The backlash to the Black Lives Matter movement is unfortunately prominent.
“Blue lives matter” has been one response; it hijacks the language of Black Lives Matter, and
claims to advocate for the lives of police officers -- because there’s a war against cops and no one respects them anymore.
Blue lives matter is right about one thing: there’s a war against cops, but not all cops -- just cops that expose corruption, including violent acts committed by their brothers and sisters in blue. Here’s four people who served their communities, most for decades; people who sacrificed their careers to blow the whistle on corruption. These people, and too many others, are victims of the real war on cops.
1. Cariol Horne
Cariol Horne was fired for stopping abuse by one of her fellow officers, Gregory Kwiatkowski, who was choking a suspect. Kwiatkowski punched Horne, and yet she’s the one who was fired. Horne was charged with 13 counts, including obstruction, for intervening on behalf of the suspect. She was fired, one year short of 20 years on the force, and thus one year short of recieving a pension for her service.
2. Laura Schook
Laura Schook exposed corruption in her department, and faced retaliation: for instance, Schook alleged that officers were instructed not to send her backup. She was eventually fired by the New Albany Police Commission -- the same commission she went to for help exposing the corruption in the New Albany Police Department.
3. Joe Crystal
Joe Crystal, formerly a detective with the Baltimore Police Department, won the Commissioner's Award for his service as an officer.

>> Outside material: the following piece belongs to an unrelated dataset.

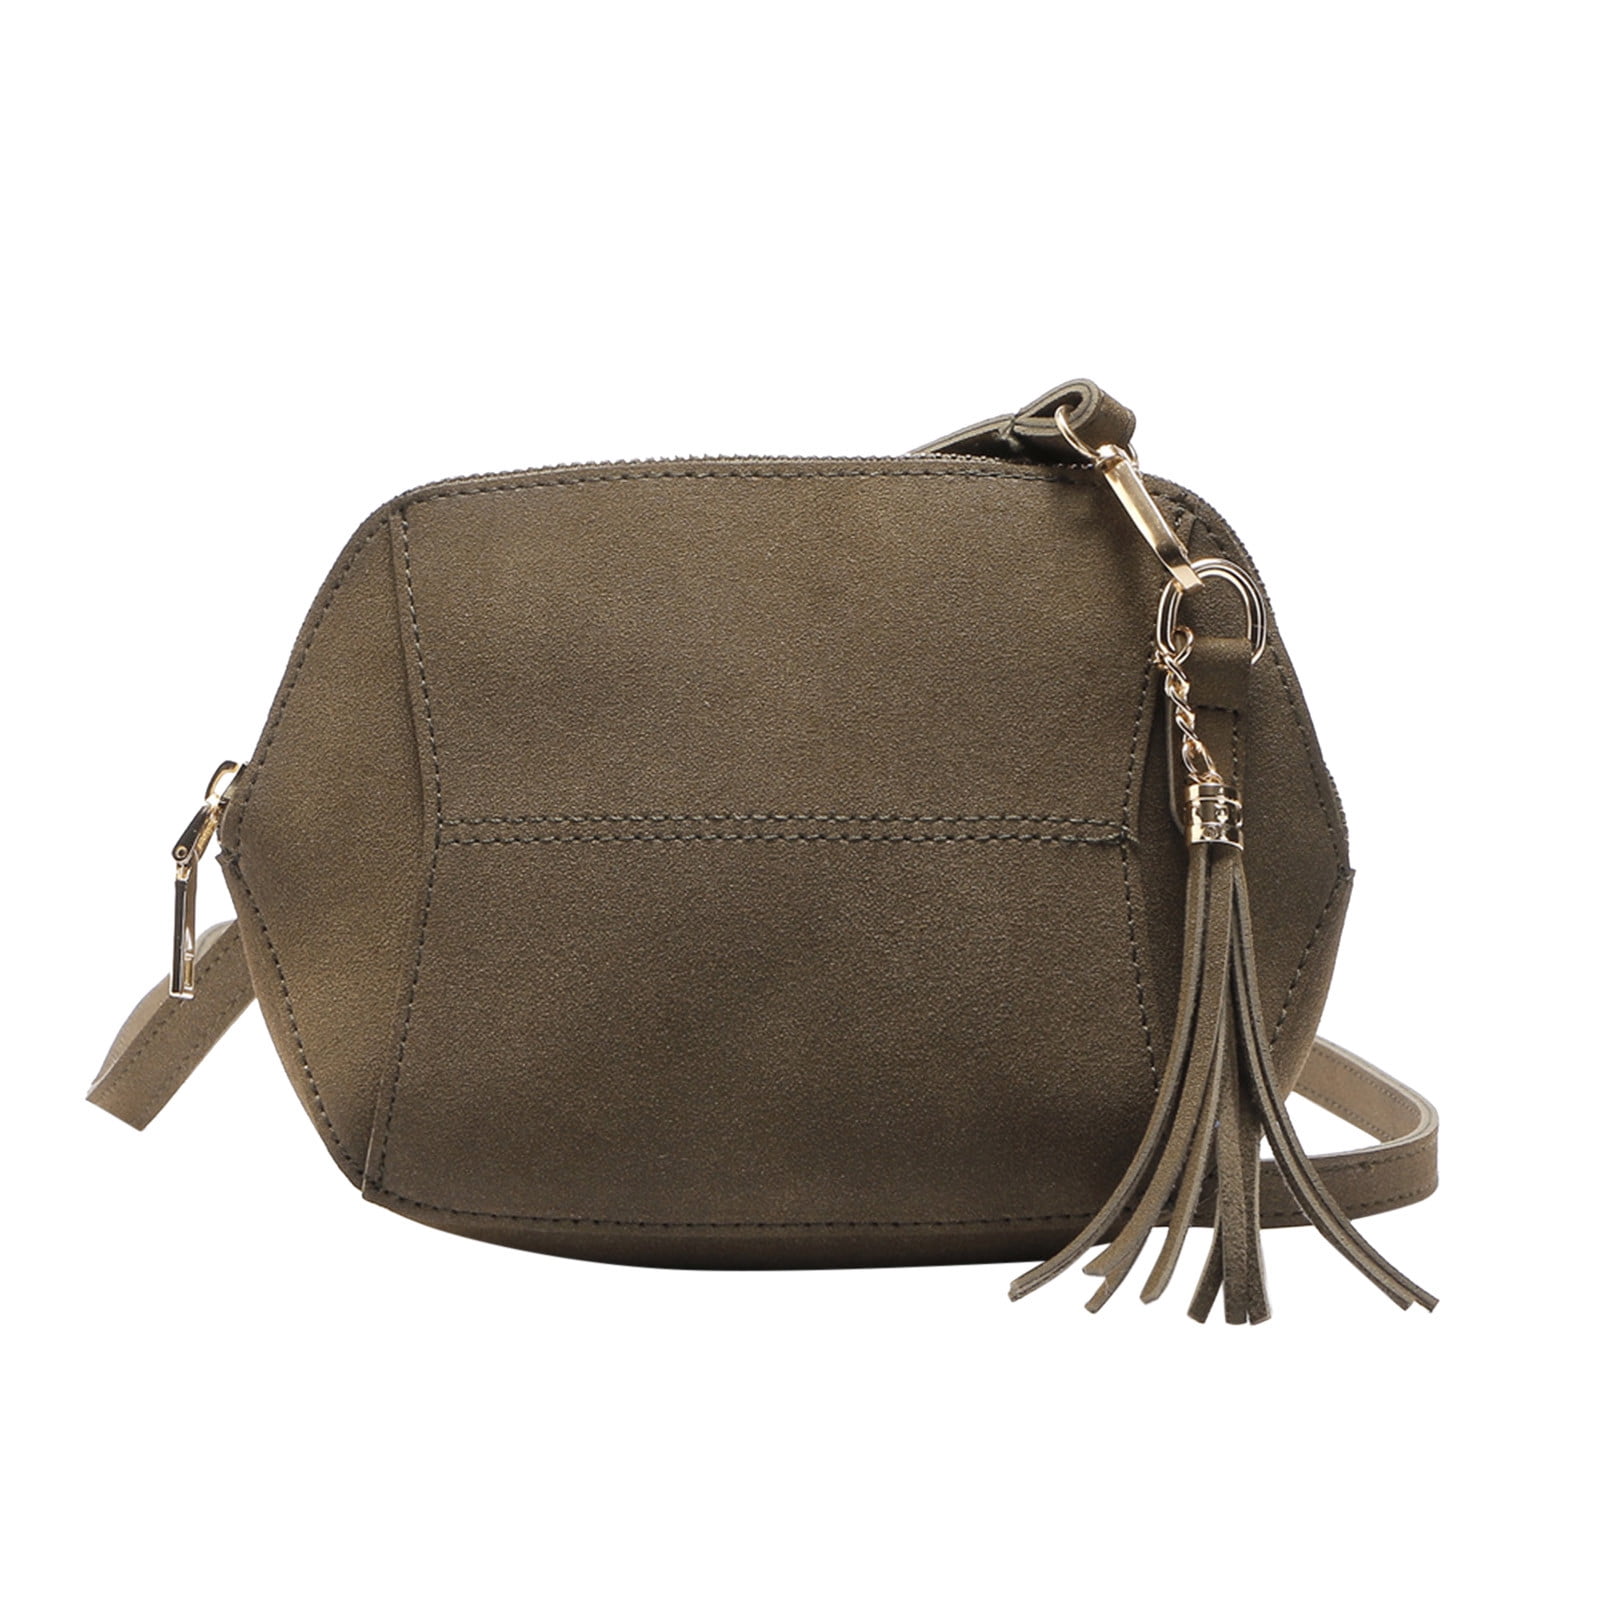 Crossbody / Messenger Bag Strap - Choose Leather Color - 50 Length, 3/4  Wide, #16 U-shape Hooks

He was labelled a "rat cop" for reporting two officers for police brutality. Shunned by the department, he experienced retaliation for his good deed: among other things, a dead rat was left on his windshield and he was threatened with being charged with perjury after he testified. He left the department and Baltimore.
4. Shanna Lopez
Shanna Lopez, a rookie at the time, unintentionally reported fellow officers for corruption: they inflated their numbers by writing illegal tickets. She didn't know what they were doing was illegal, but the person she told did. She was forced into remedial training and desk duty, even though her numbers -- of arrests, tickets issued, etc. -- were stellar. One of the officers she reported was later charged with sexual assault, and committed suicide.
I am grateful for police -- I am even grateful for the cop who gave me a ticket for running a red light my senior year of high school, because it means he was paying attention and protecting other drivers, and me.

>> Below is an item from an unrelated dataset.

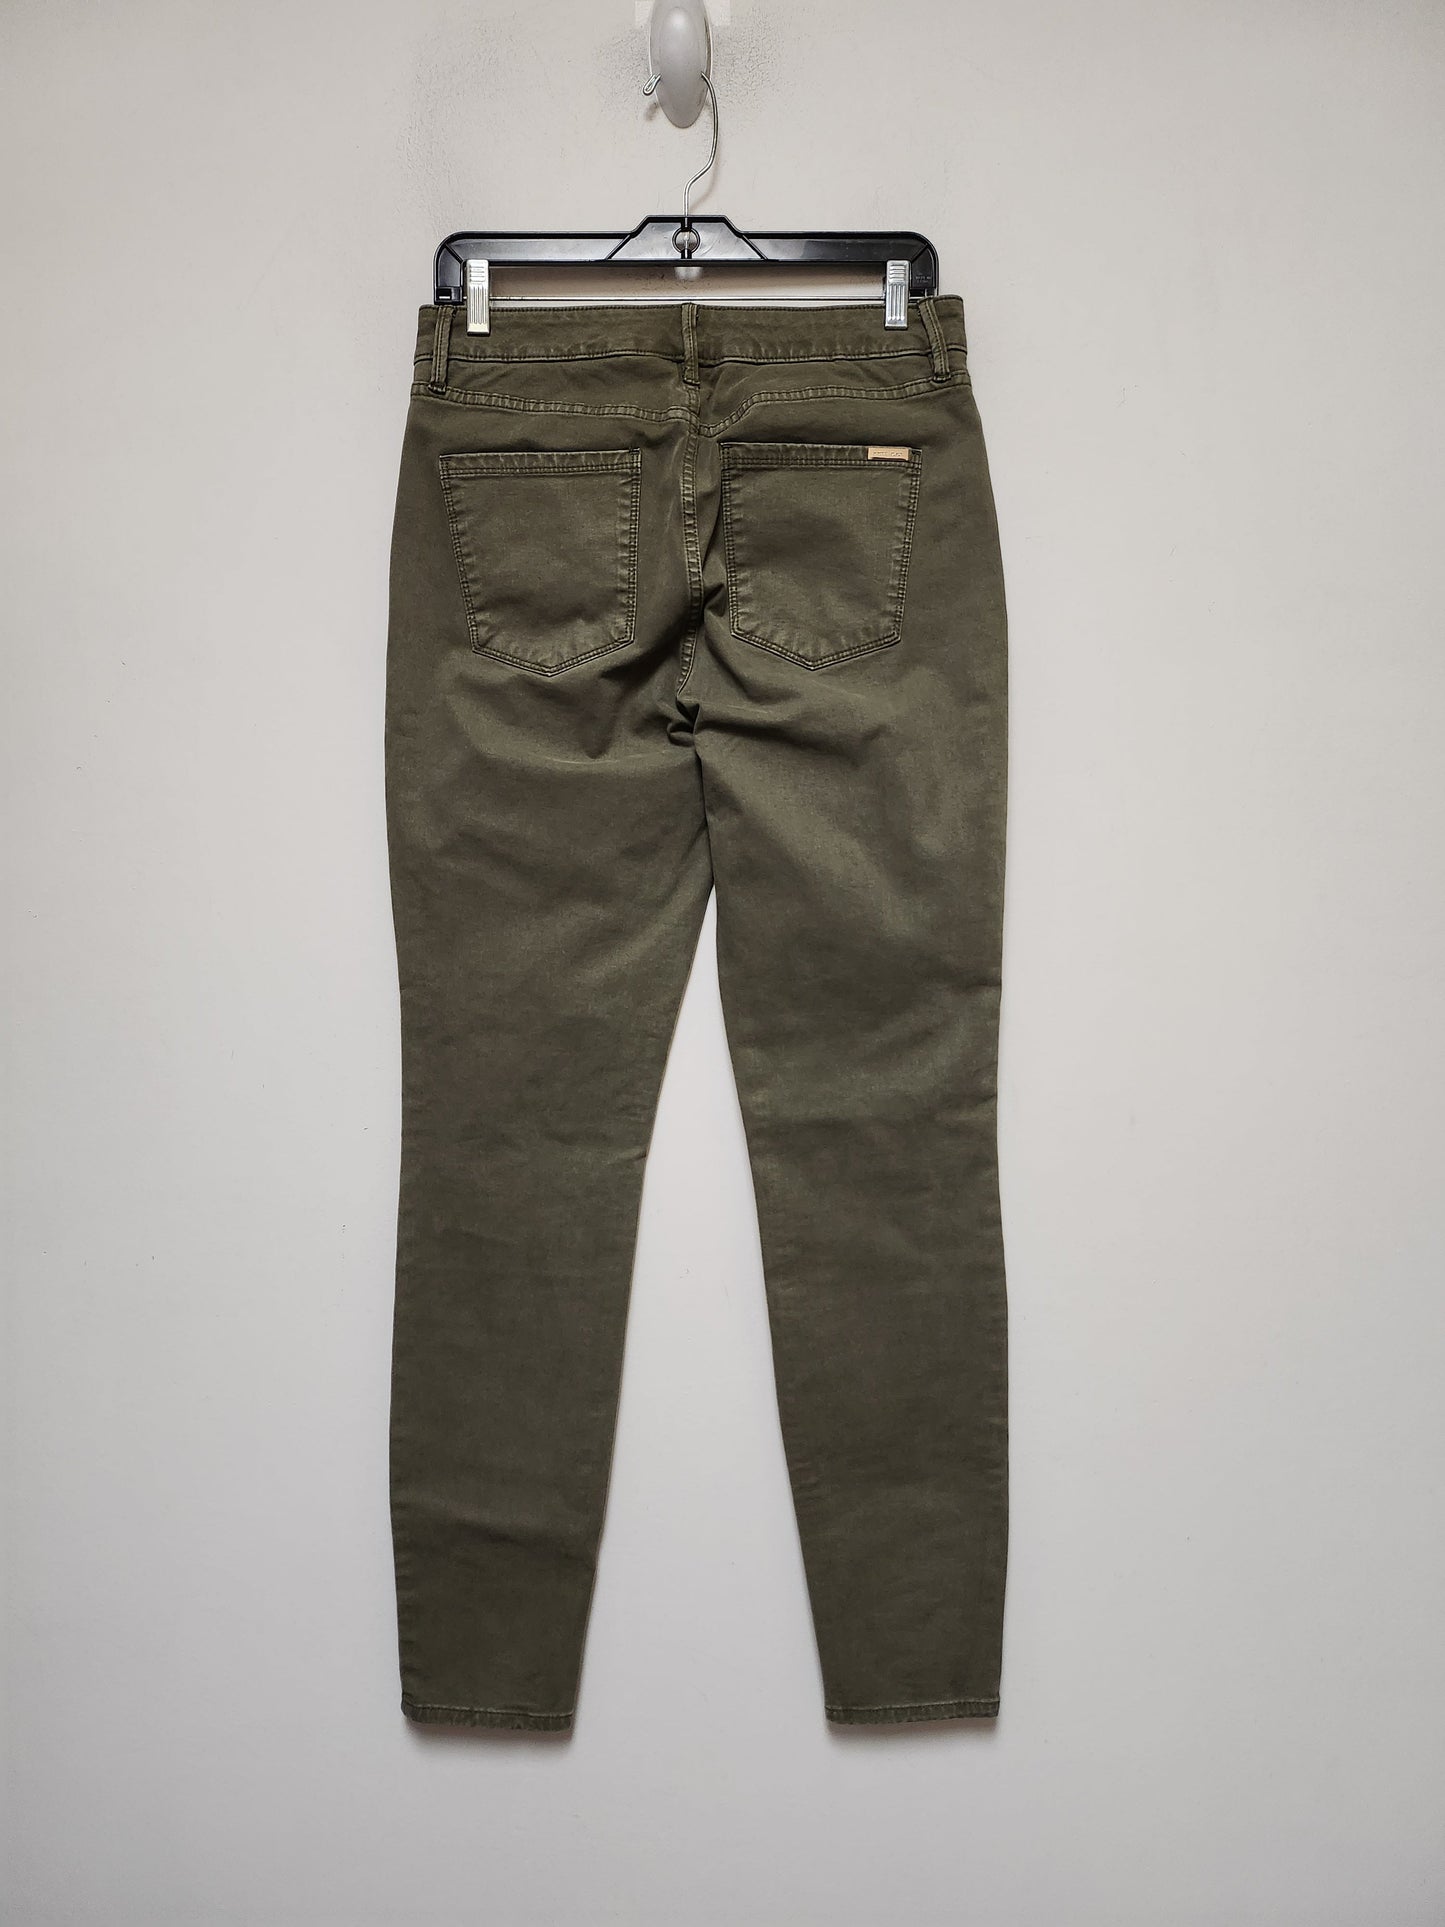 Green Denim Jeans Skinny White House Black Market, Size 6long

But the system of racism, brutality, sexism, and corruption in law enforcement departments is unacceptable. Good cops should not be expected to protect bad cops. Good cops should be celebrated; they should be promoted, and pass their morals and techniques onto other generations of cops.
Instead, good cops are fired for exposing the violent, ugly underbelly of their departments. Their good names are smeared; they will never do the job they love again, because no city's police department will hire them if they have an arrest record similar to Cariol Horne's, or were fired so early in their career, as Shanna Lopez was. They don't want someone like Joe Crystal or Laura Schook, who they know will sacrifice their careers to expose corruption and brutality.
So the next time you cite the war on cops to negate the Black Lives Matter movement, remember that the cops who are the real victims of that "war" have fought against the police brutality and corruption that inspired Black Lives Matter.